The affected charges stem from the arrest of officers with the Gun Trace Task Force, a specialized force that dealt with investigating firearms offenses.
In March, seven officers from the task force were arrested on federal racketeering charges and were accused of claiming fraudulent overtime, filing false affidavits and stopping residents — some of whom were not accused of any crimes — to seize their money. An eighth officer was arrested in August on similar charges.
In one instance, officers stopped a maintenance supervisor at a nursing home and stole $1,500 from him that he was planning to use on rent, according to the indictment.
“These are really robberies by people who are wearing police uniforms,” then-Maryland US Attorney Rod Rosenstein said at the time.
Two of those officers pleaded guilty to charges in July.
More than 2,000 affected cases
The public defender’s office counted more than 2,000 cases that can be called into question because they are connected to those eight officers, according to Debbie Katz Levi, the head of the office’s Special Litigation Section.
Katz Levi said her office compiled the number of cases involving each of those eight officers going back to the year when the indictment says their alleged corruption began.
“We’re not using a secret formula,” she said.
About 70 people with affected cases are still in state custody, she told CNN.
However, the Office of the State’s Attorney for Baltimore City said that about 846 cases have been or will be impacted by the officers’ actions, including 277 cases related to the indicted officers.
A total of 569 other cases may be affected by three separate instances of possible misconduct caught on body-worn camera, according to the State’s Attorney. One video, released by the Office of the Public Defender, appeared to show an officer planting drugs at the scene of an arrest in January.
“We will continue to share the progress of this comprehensive review of the impacted cases with the community,” State’s Attorney Marilyn Mosby said in a statement.

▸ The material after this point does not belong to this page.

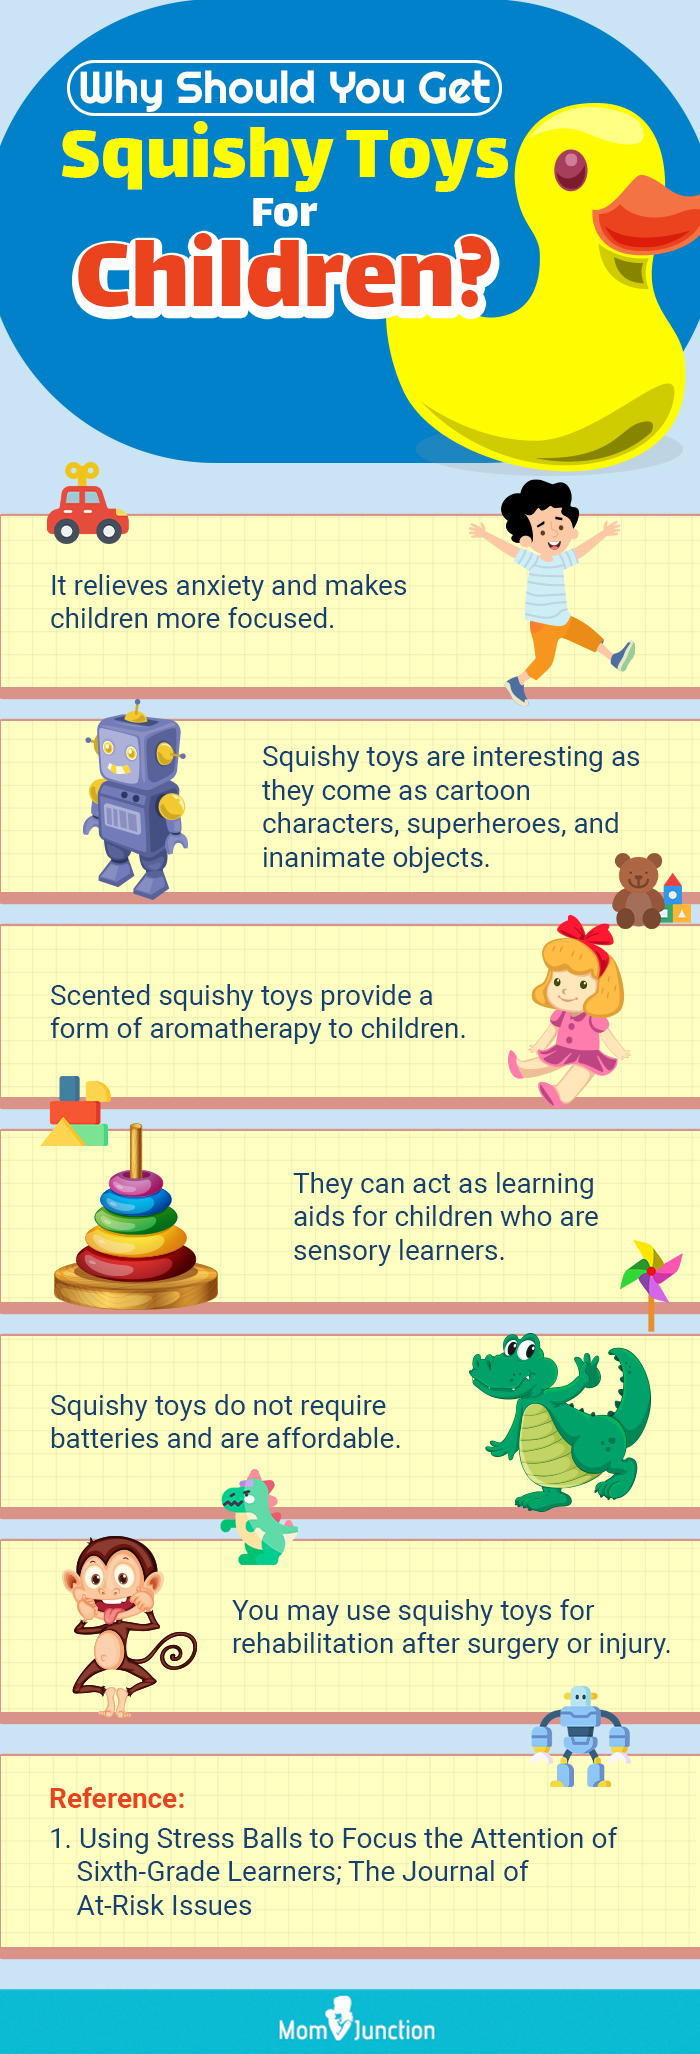 Why Should You Get Squishy Toys For Children

“Public trust is essential to the success of the criminal justice system and our ability to effectively prosecute crime. We will do our part to minimize any erosion to this trust and remain vigilant in our pursuit of justice.”
Katz Levi’s announcement comes three weeks after Baltimore police Officer Sean Suiter, 43, was shot and killed with his own gun after a struggle with an unknown killer.
Suiter was killed a day before he was scheduled to appear at a federal grand jury to speak to what he knew about a 2010 corruption case.
Police Commissioner Kevin Davis said he was told Suiter was not a target of the investigation and that there was no information connecting his murder to the corruption case. Still, he called on the FBI to investigate his slaying.
“I am growing increasingly uncomfortable that my homicide detectives do not know all of the facts known to the FBI or USAO that could, if revealed to us, assist in furthering this murder investigation,” he said.